Within the material below, locate the line with "George Jones Crescent" and the line with "a person standing", then return those two lines and all lines between them, exactly as written.

DATASET RECORDS.
- - -

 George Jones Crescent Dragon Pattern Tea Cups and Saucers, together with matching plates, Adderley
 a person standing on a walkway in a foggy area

- - -

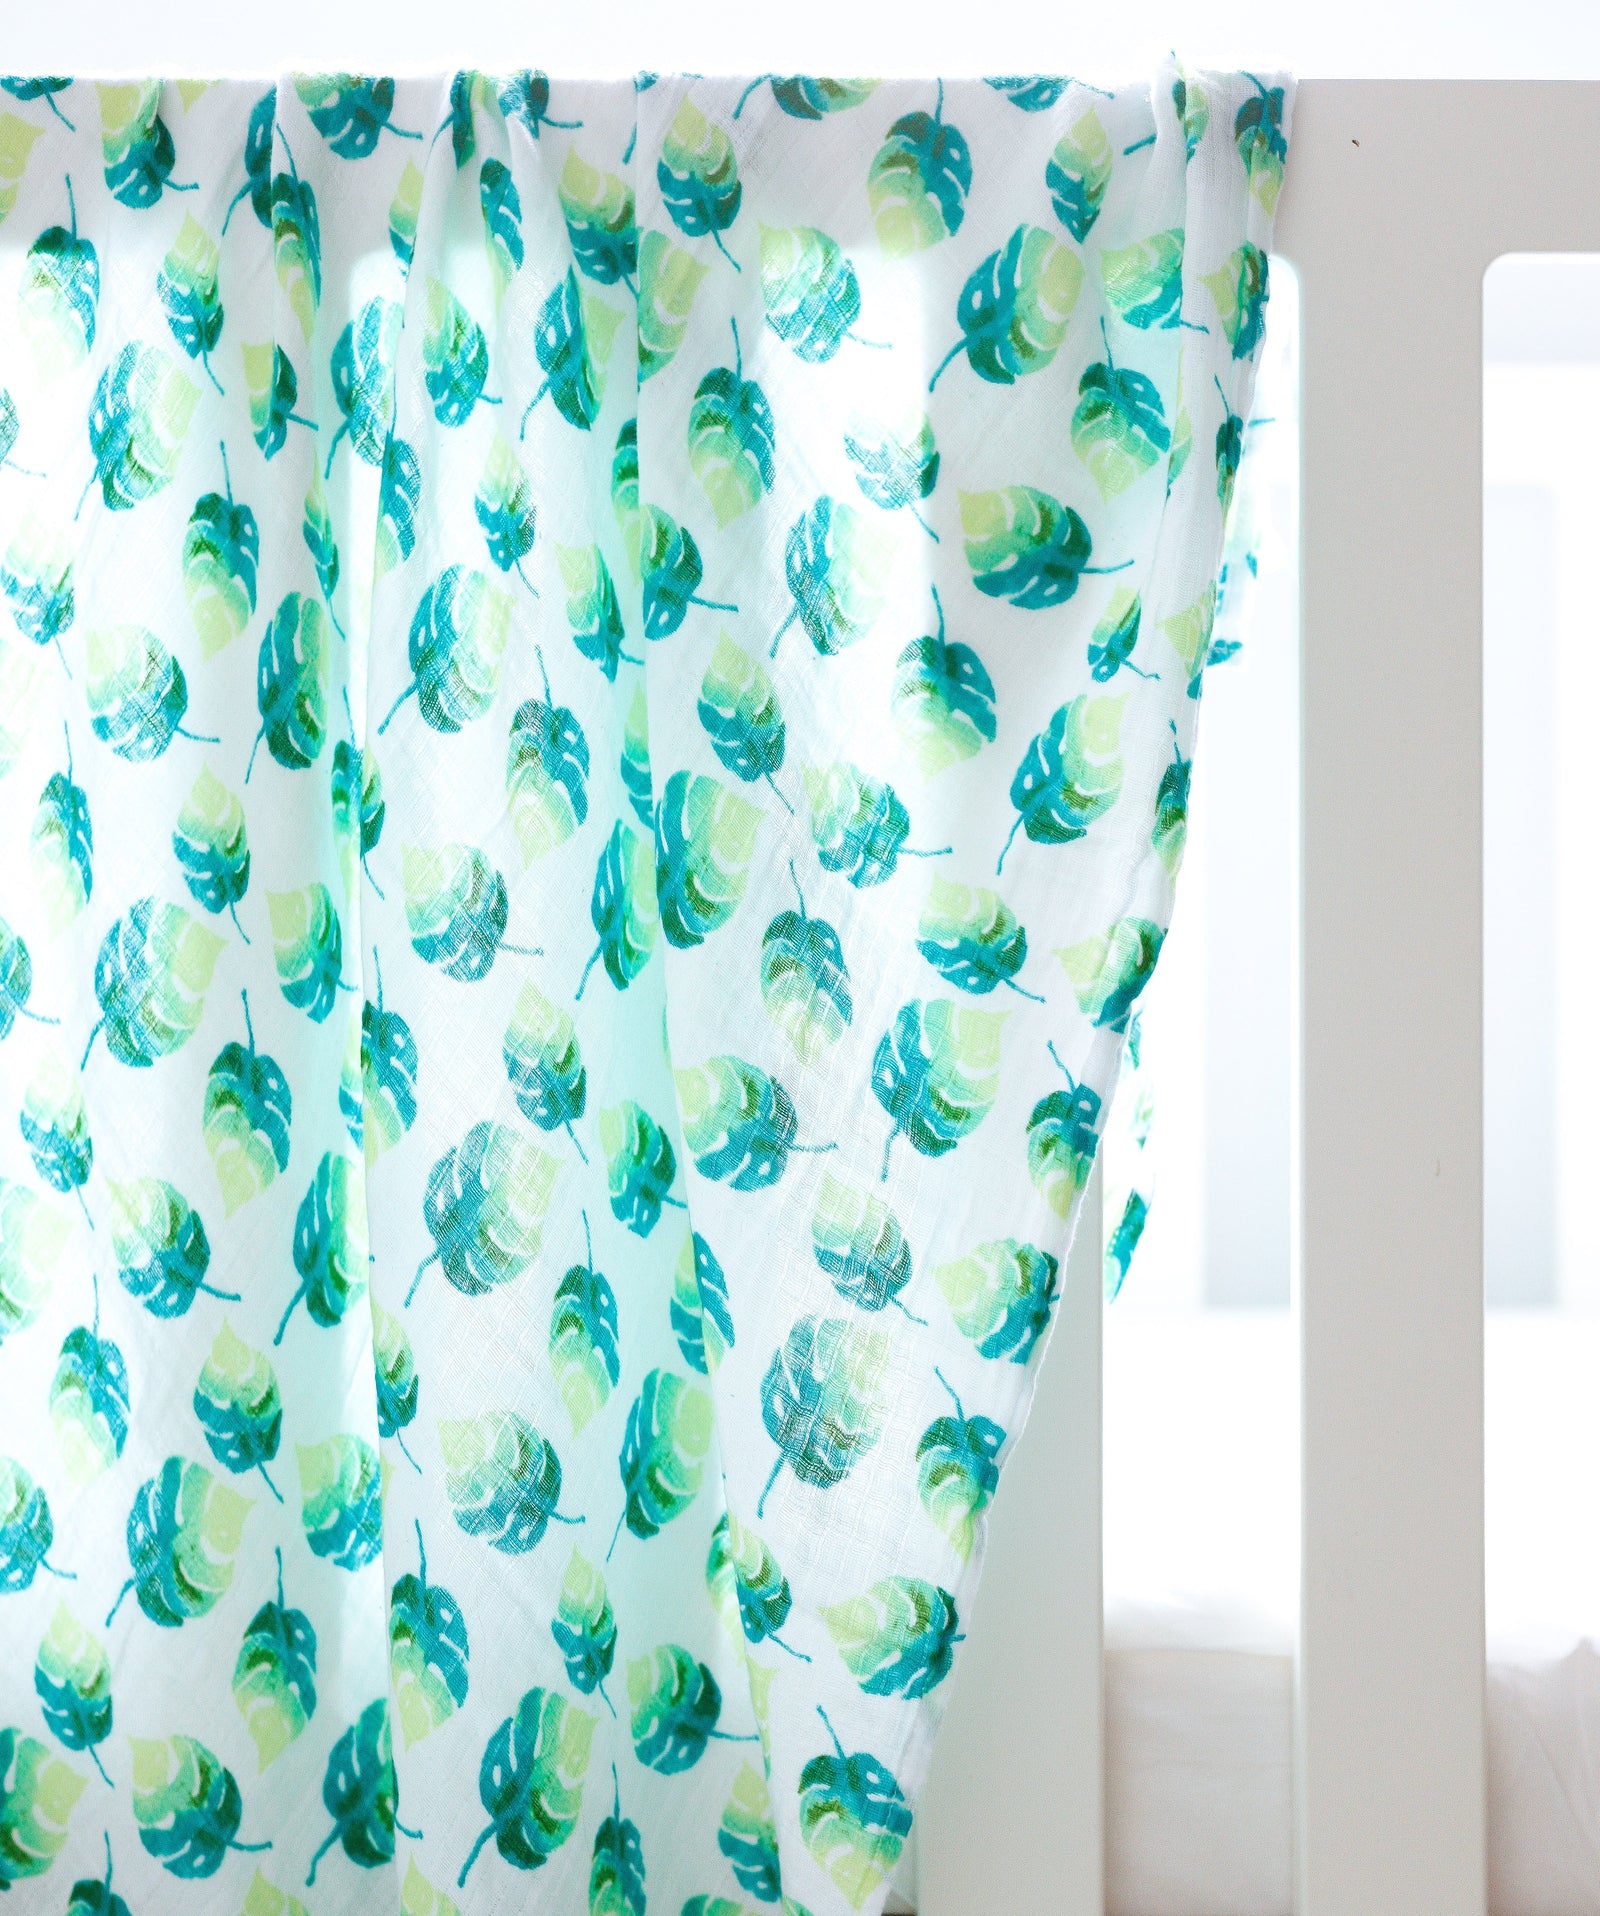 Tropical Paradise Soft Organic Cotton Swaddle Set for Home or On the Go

- - -

SOLUTION BELOW.
 George Jones Crescent Dragon Pattern Tea Cups and Saucers, together with matching plates, Adderley
 a person standing on a walkway in a foggy area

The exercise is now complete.